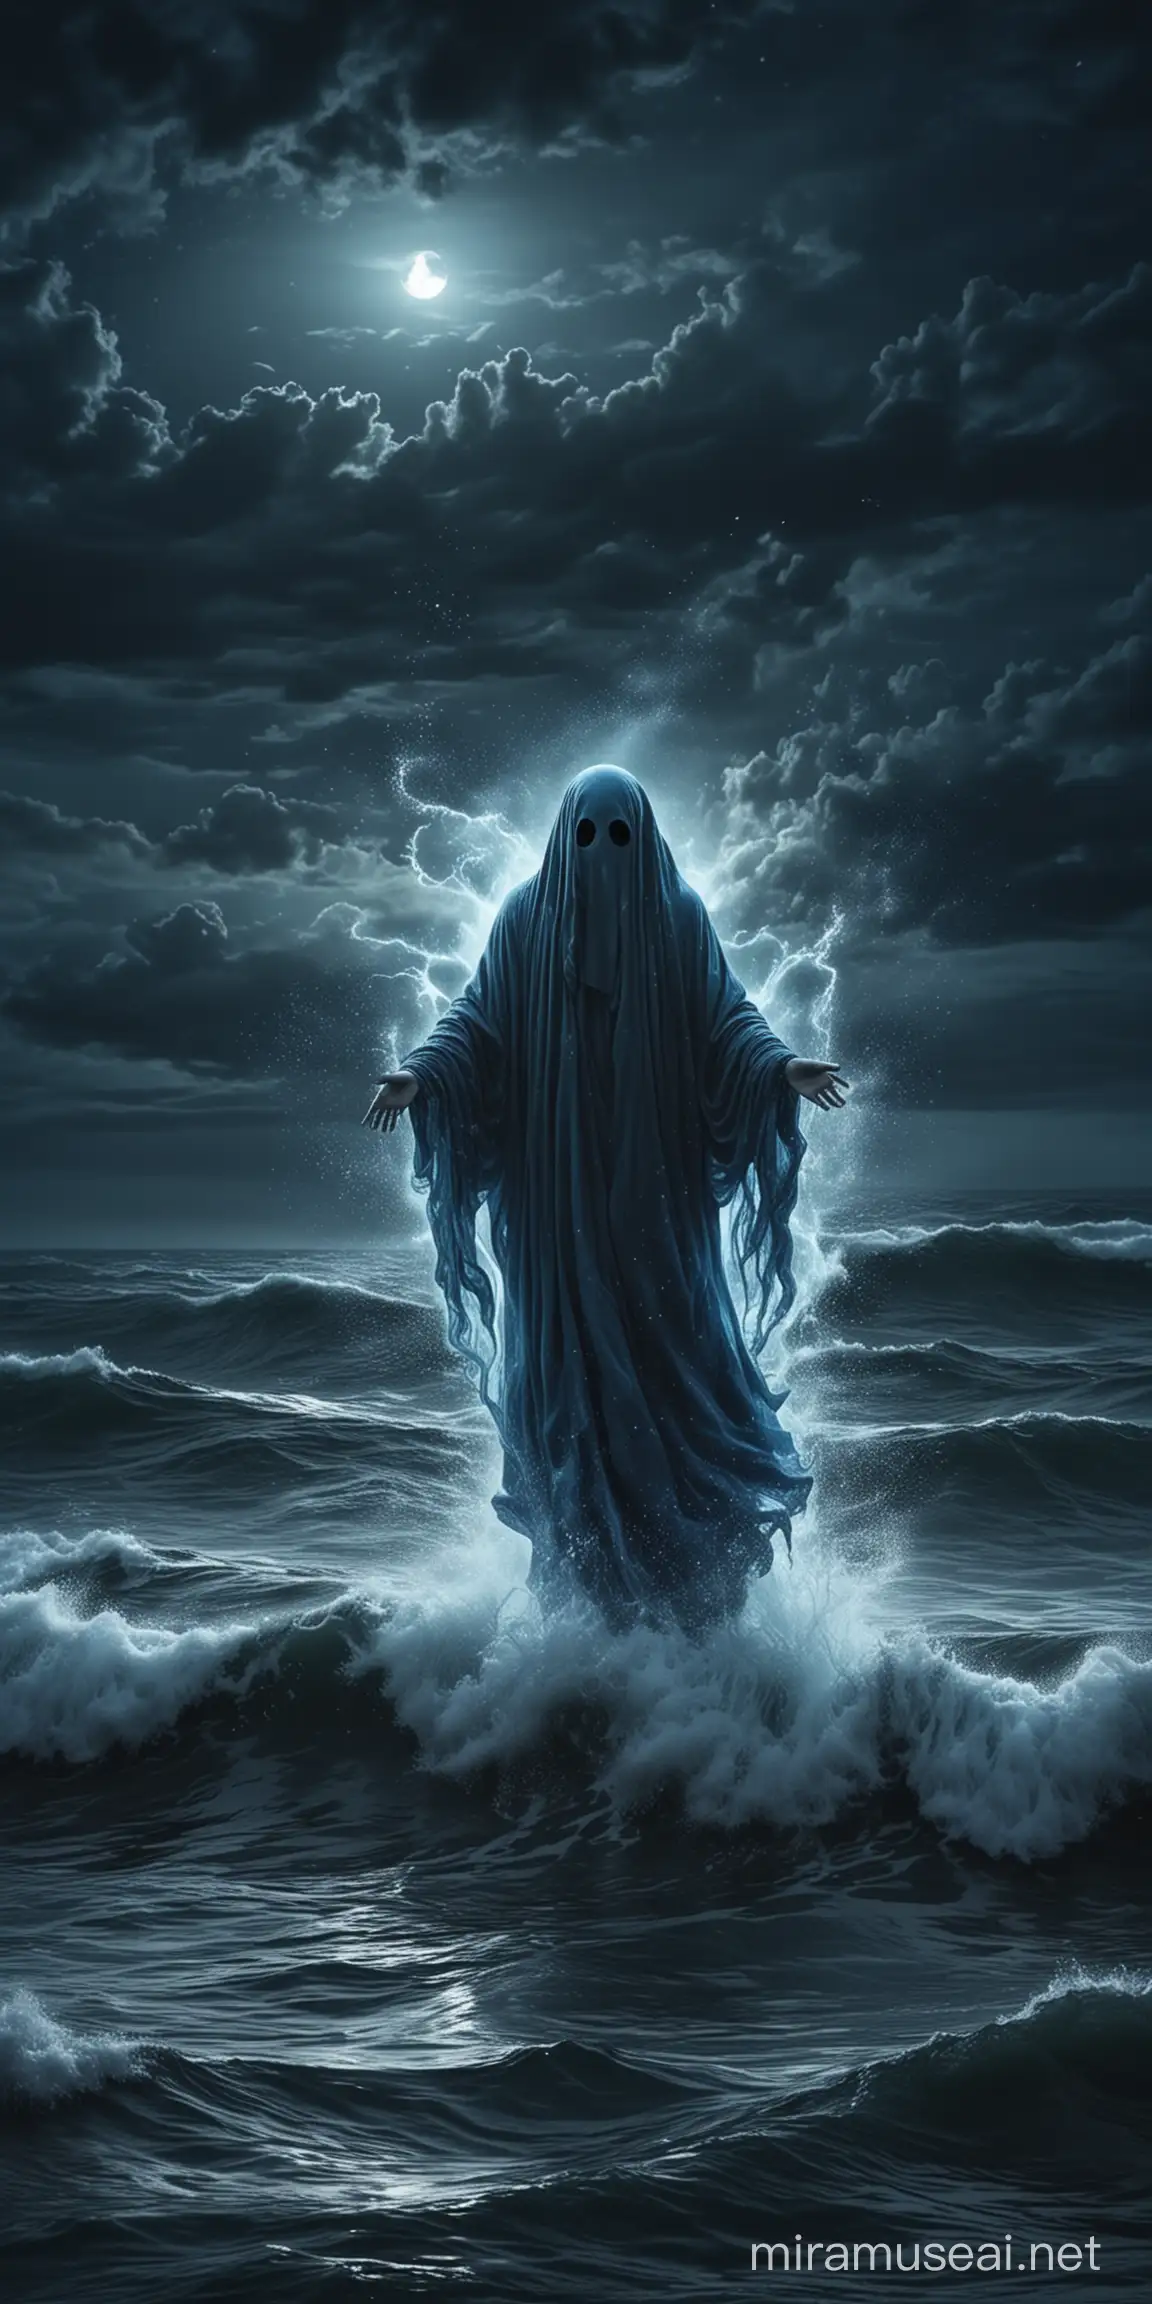 Містичний привид летить над темнім синім штормовим морем в ночі
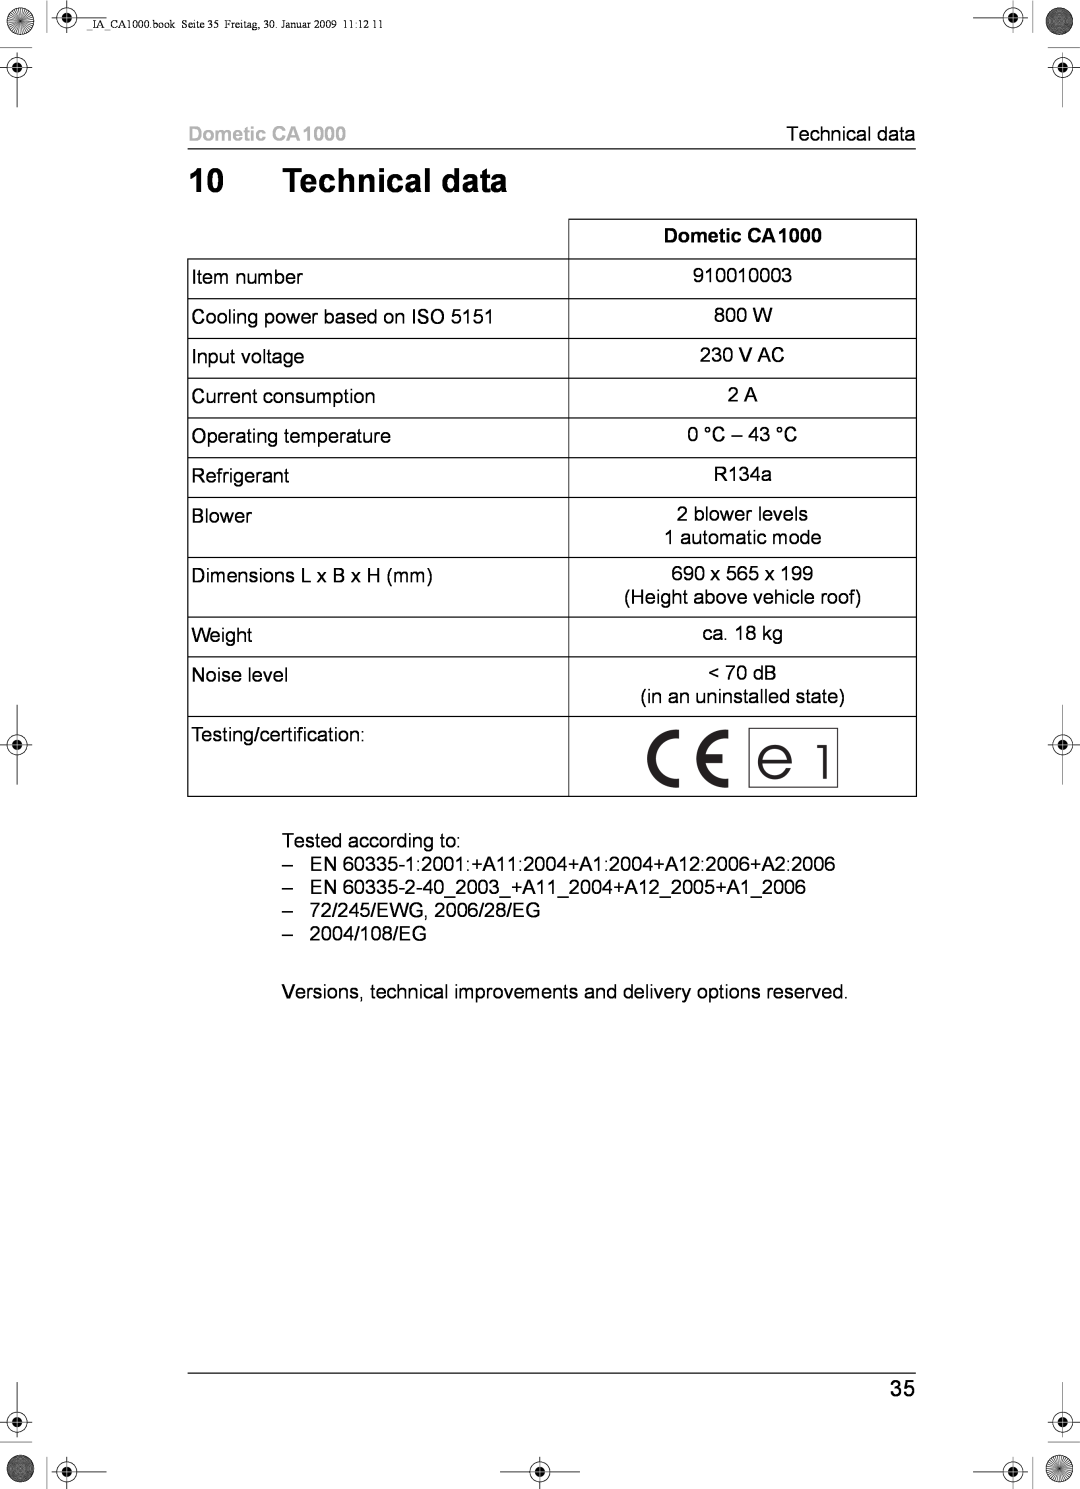 Dometic installation manual Technical data, Dometic CA1000 
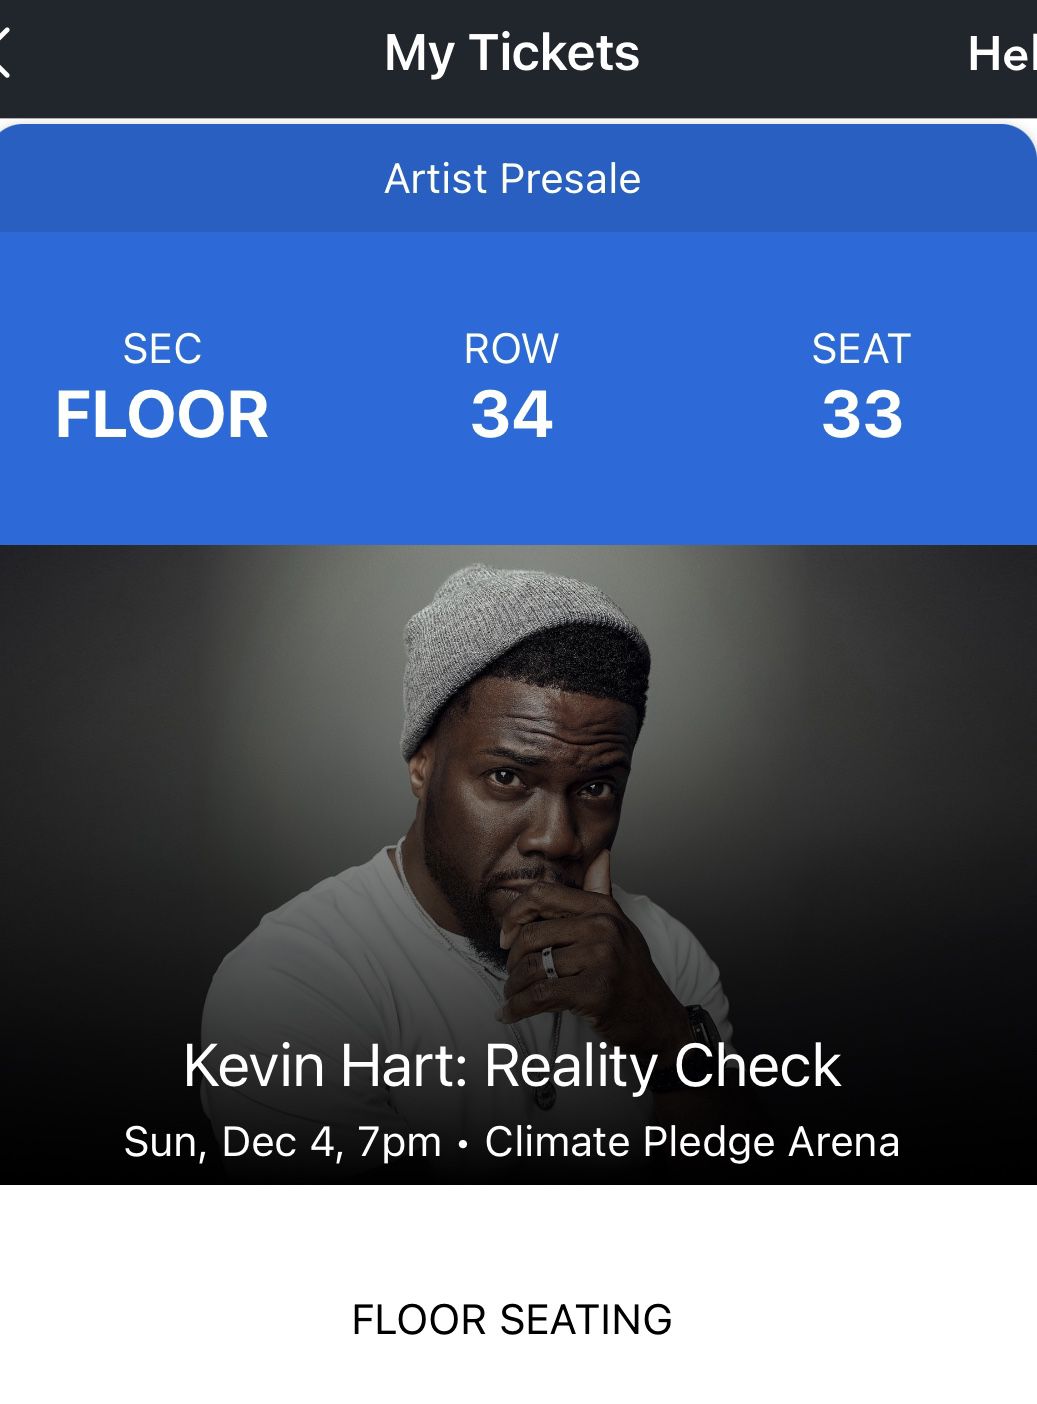 Kevin Hart Live. Dec.4th Show

§ **What needs to be done**: The whole listing above must be duplicated word for word, apart from its pictures.

§ **Answer to the problem**:
 Містичний привид летить над темнім синім штормовим морем в ночі
 Dometic installation manual Technical data, Dometic CA1000 
 Kevin Hart Live. Dec.4th Show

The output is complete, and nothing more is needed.